走行感としても、前作までの堅牢な安定感は減ったものの反発性・推進力が上がりスピードモデル化しました。それでもアグレッシブな跳ね方をしないためスピードアシストと操作性のバランスが良好です。

そのため、スピード性能特化でなく適度なクッション性と操作性重視のランナーにオススメです。反対にオートマチックな反発を求めるランナーには物足りなく感じると思います。また、接地感と終盤の安定性を重視するランナーには前作(SuperComp Elite v5)の方がフィットすると考えます。

踵からの重心移動がスムーズ

一番気に入った点として、踵から前足部までの重心移動がスムーズでした。

前作は踵と前足部が独立して接地してそれぞれ弾む感覚でしたが「SCエリート6」は踵から前足部まで一体感があり重心がスムーズに移動するアシストを感じました。かといって一辺倒に転がり前足部が抜けることは無く、前足部で蹴り抜くこともできます。

全体的に柔らかく反発性が上がっているのでどの接地方法でも走りやすかったですが、ヒールフットと相性が良いシューズと考えます。

グリップ、耐久性は凡庸

軽量化のためかアウトソールは非常に薄くフラットです。グリップ性に特段不満は無いですが高いとも言えません。
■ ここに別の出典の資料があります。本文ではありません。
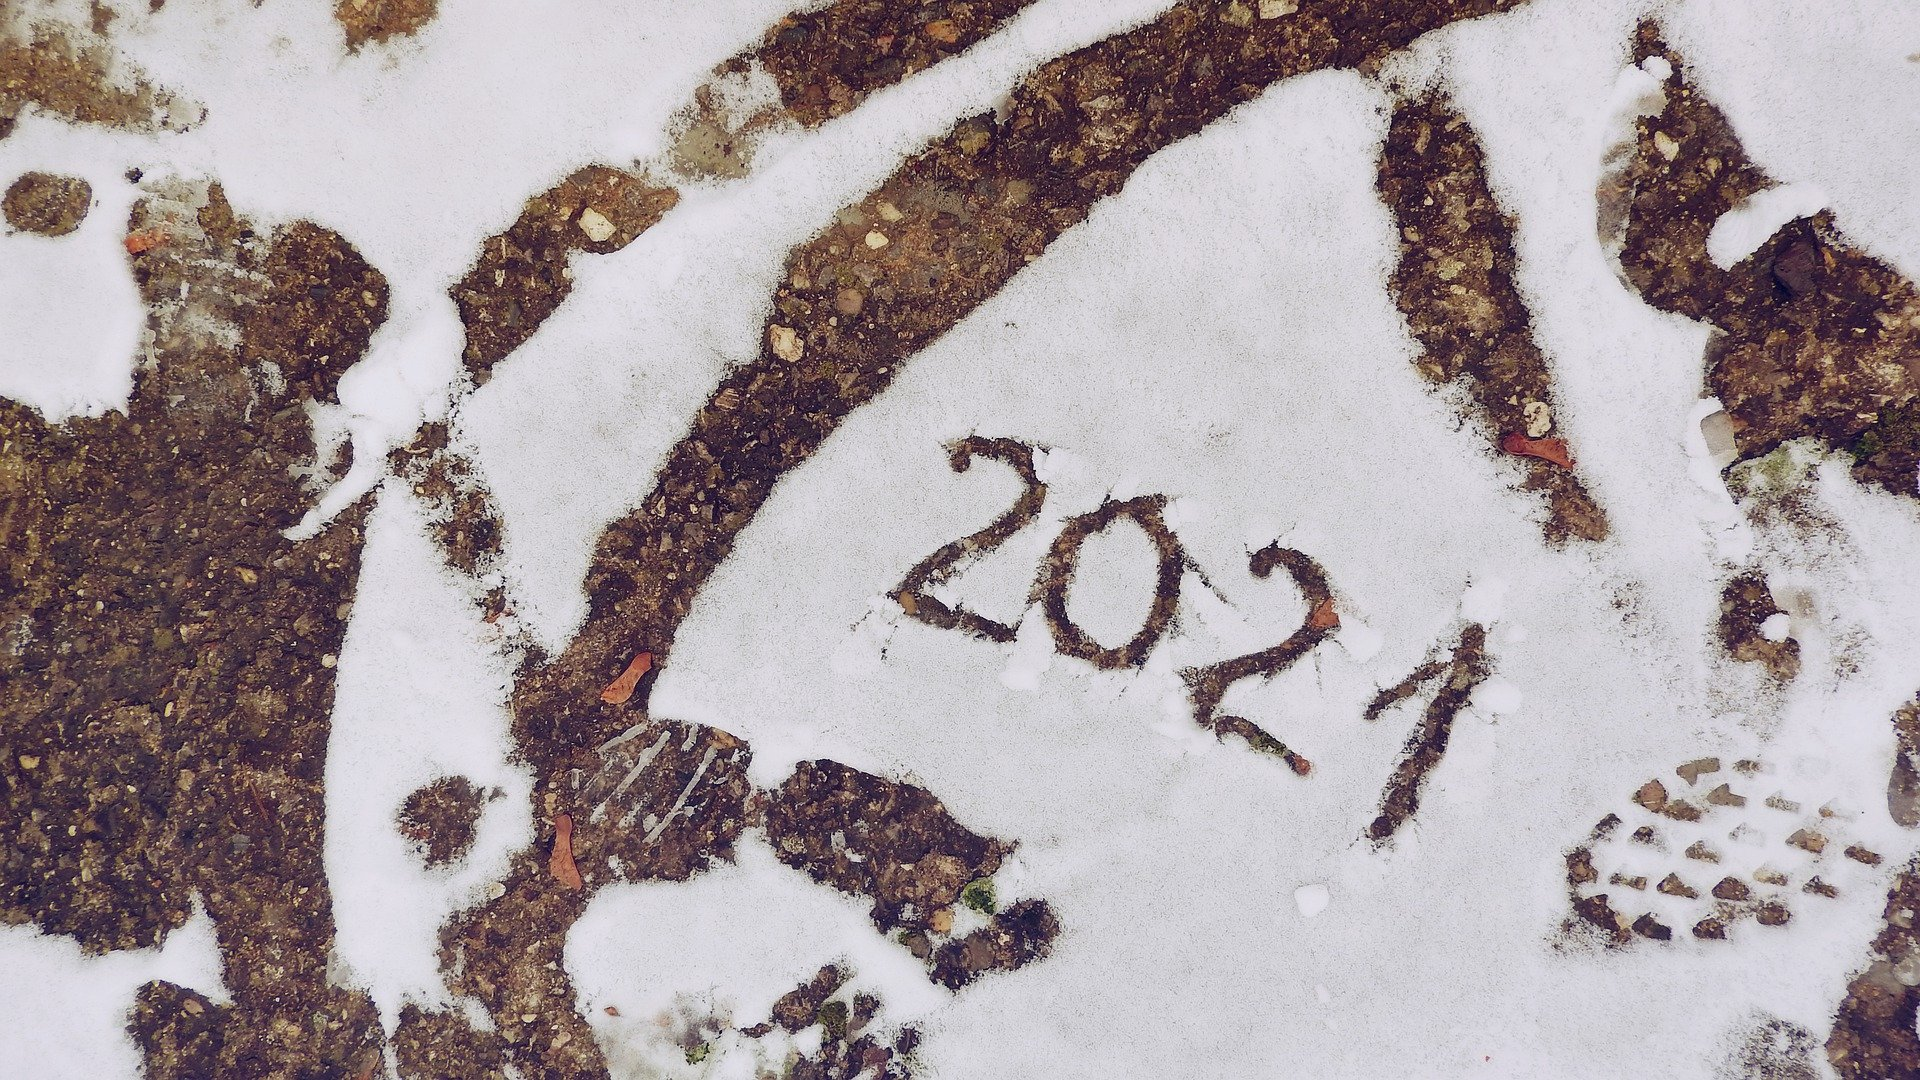 snow-5820403_1920

アウトソールとミッドソールの高さが同じためミッドソールが削れるのが早そうです。

ウェットコンディションでのグリップ性と耐久性についてはある程度の距離を踏んだら更新します。

サブ3狙いにオススメ!3.5狙いには迷う

軽量になり反発・推進力も上がったことでターゲット通りサブ2.5~3.5狙いまで選択肢になると考えます。スピードコントロールがしやすくキロ4分台ペースでも扱いやすいため、サブ3狙いや守りのレースに特にオススメです。

サブ3.5狙いとしては迷います。柔らかくなりクッション性が高くなったと言えますが安定性が減り少し走らせるシューズになったのでキロ5分前後のペース帯だとメリット・デメリットどちらが目立つか人により分かれると考えます。アシックス「マジックスピード」やナイキ「ズームフライ」、ニューバランス「SuperComp Rebel」など選択肢も多く、筆者がサブ3.5のペーサーをするとしたら他のシューズを選びます。

総じて、キロ3~4分台ペース目標でスピードアシストと操作性のバランスを求めるランナーにオススメです。

まとめ

  • 新素材「infinion」により反発性、軽量性アップ。安定性ダウン。
  • 重心移動がスムーズでヒールフットと相性良好
  • グリップ、耐久性には不安が残る
  • サブ3でスピードと操作性のバランスを求めるランナーにオススメ
  • サブ3.5狙いだとややハイリスク・ハイリターン?

初代から愛用しているSCエリートも6作目となり、「Fuelcell」廃止という大胆なアップデートを経て再始動しました。ランナーも大胆にアップデートしていきましょう!